I like LLVM, but it's a bit

I like LLVM, but it's a bit intimidating for beginners. Targeting .NET or the JVM, with their high-level code generation interface is certainly easier, though ultimately more limiting. Neko is also high-level, but the VM is quite tiny, suitable even for embedded systems.

Depends what's intimidating

I think it depends on the individual. If you're intimidated by the low-level machine stuff, structure layout, manual memory management, etc., then LLVM is certainly worse. But it's also a pretty small set of instructions that all have an obvious machine-level interpretation, and can be learned thoroughly in a few hours. The JVM and .NET instruction sets are a lot bigger and there's a lot more novel semantics to learn. So it really depends what you're familiar with, I think.

LLVM

I experimented a bit with LLVM and generally liked it a lot. I haven't used Neko. LLVM does not make it easy at all to deviate from C calling conventions (for instance, to implement a stackless CPS-based calling convention), but then, neither does the underlying machine, most likely. I don't know if Neko is more flexible in this regard.

target VM depends of the source langage

The target VM depends of the source language.

In particular, if you have functional values (or closures) in your language, you need an apply primitive (which the JVM don't have).

If your source language have some parallelism, you need them in the VM.

And of course, the source langage primitives should be available in the VM.

And some features (in particular reflection, explicit continuations) need to be provided by the VM.

In addition to the other suggested VMs you might consider:

  • Ocaml VM
  • Lua VM
  • your own (coded from scratch) VM.
  • CLISP VM.
  • GNU Smalltalk VM.
  • Other LISP implementations (eg using LISP S-expr as your "VM").
  • reflective or multi-staged languages (MetaOcaml) for easy implementation of your VM.
  • Dynamic code generation (perhaps generating C or C++ at runtime, compiling it, and loading it, all in the same process).
  • generating machine code, sort of JITing your VM, (using GNU lightning, Libjit, LLVM JIT)

Regards.

In particular, if you have

In particular, if you have functional values (or closures) in your language, you need an apply primitive (which the JVM don't have).

Objects are closures. Example is in C#, since I'm not familiar with Java's generics syntax:

public interface Function1<T,R> {
  R Apply(T t);
}
public interface Function2<T,U,R> {
  R Apply(T t, U u);
}
...

While in principle closures

While in principle closures and objects are equivalent, in practice it is not the case.

Witness the poor performance of any functional language (be it Scheme) implementation on the JVM.

Scala seems to do OK

This comparison by Derek Young shows Scala and Java giving comparable performance. I'm no expert on benchmarks, but...

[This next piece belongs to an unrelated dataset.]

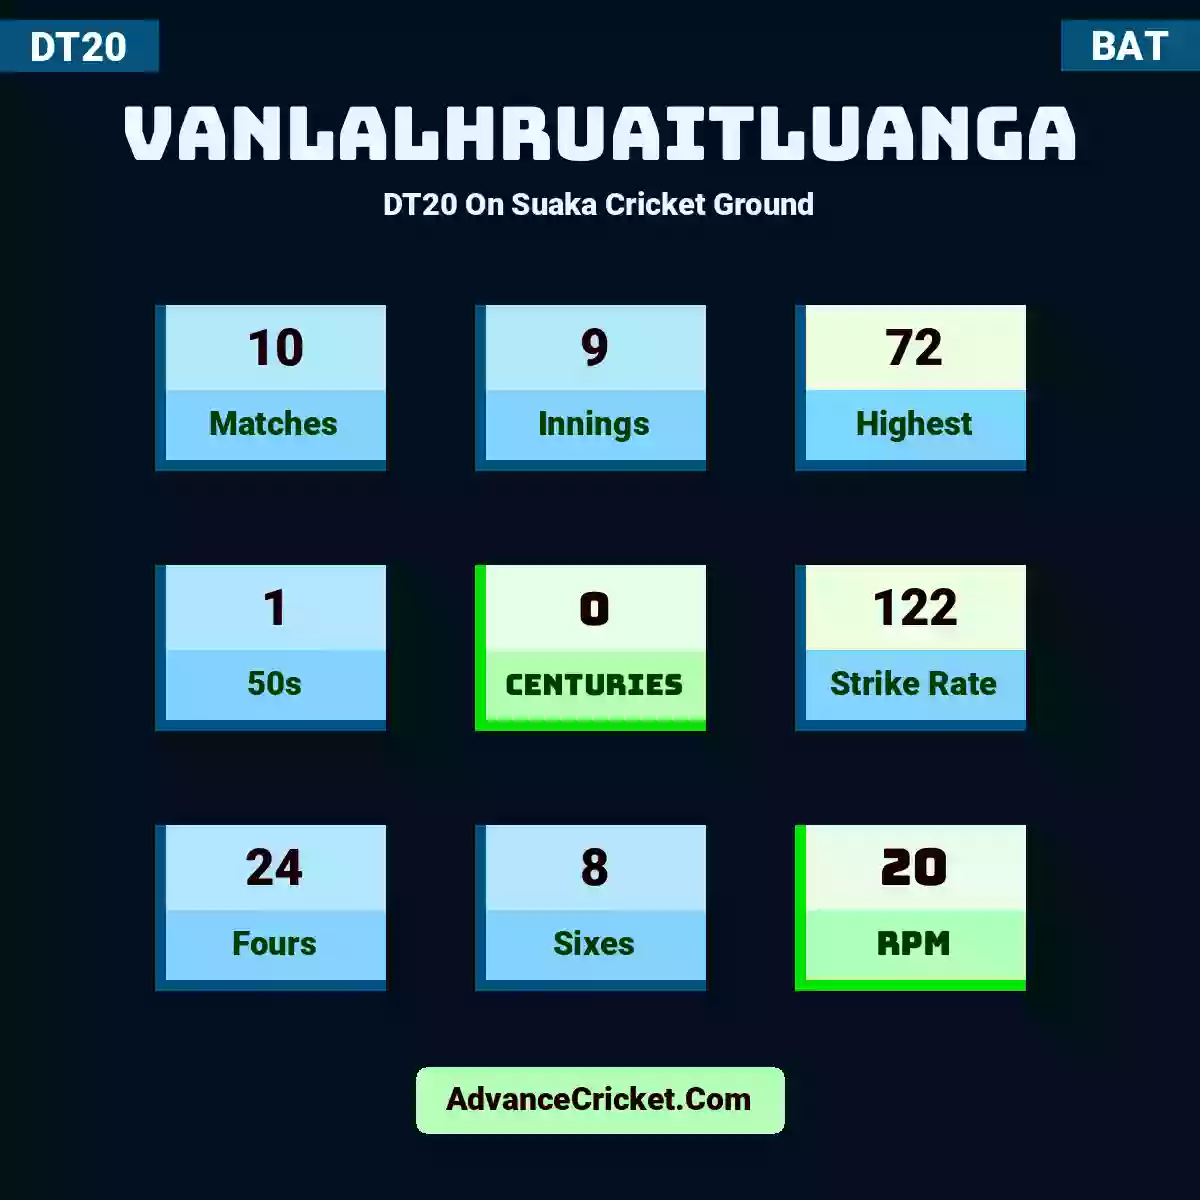 Vanlalhruaitluanga DT20  On Suaka Cricket Ground, Vanlalhruaitluanga played 10 matches, scored 72 runs as highest, 1 half-centuries, and 0 centuries, with a strike rate of 122. Vanlalhruaitluanga hit 24 fours and 8 sixes, with an RPM of 20.

Scheme isn't used on the JVM

Scheme isn't used on the JVM because the JVM can't easily support all of Schemes features, ie. continuations. Any Scheme implementation on the JVM thus receives little attention, and correspondingly, there is little incentive to tune it. It has nothing to do with achievable performance. IronPython does pretty well on the CLR, and other than full continuations, I see nothing in Scheme that isn't present Python in some form.

SISC

I'll be sure to tell that to the developer of SISC. :-)

To be fair, we're talking

To be fair, we're talking about compilers, not interpreters. Providing full R5RS seems easier in an interpreter than a compiler, though there are certainly techniques that can be used.

s48vm

I generally agree with this, though I don't think that first-class functions in your language means that the good choices of VM are those with closures.

It's worth advertising the interesting and somewhat neglected VM technology in scheme48, which consists of a prescheme compiler and a VM written in prescheme. Prescheme is comparable to C in the cophistication of the runtime environment it provides (no GC, no heap management, etc.), but is a subdialect of scheme which only permits stack-allocated lambda abstractions (ie. code is only accepted by the prescheme compiler if, after macro expansion, each lambda form can be represented by a stack frame).

I would say...

... GNU Smalltalk or Lua. The latter if you want to play with something small and embeddable, the former might be easier if you want to write your compiler in a high-level language (i.e. not C).

other hll as a vm

Using any high-level language (not just lisp) as a "VM" works too, and more than a few languages have been implemented as a compiler to C; of course some will be more suitable than others. You could use C and the tiny c compiler. And don't forget about forth - lots of choices there, like gforth or FuelVM.

C has several shortcomings as an intermediate language

* Poor support for non-LIFO flow control. For non-local but LIFO flow control (such as exception-handling) one can use setjmp/longjmp, but that's ugly and expensive. Things like continuations or coroutines are much more difficult to code up in C (often needing tricks like "trampolines", or the One Big Interpreter Function Loaded With Gotos).

* No support for tail-call elimination. Some compilers may provide this as an optimization in some cases. In C, this isn't a big deal, as induction over something is handled with loops; but when compiling a recursion-heavy language, you want to have tail-call elimination.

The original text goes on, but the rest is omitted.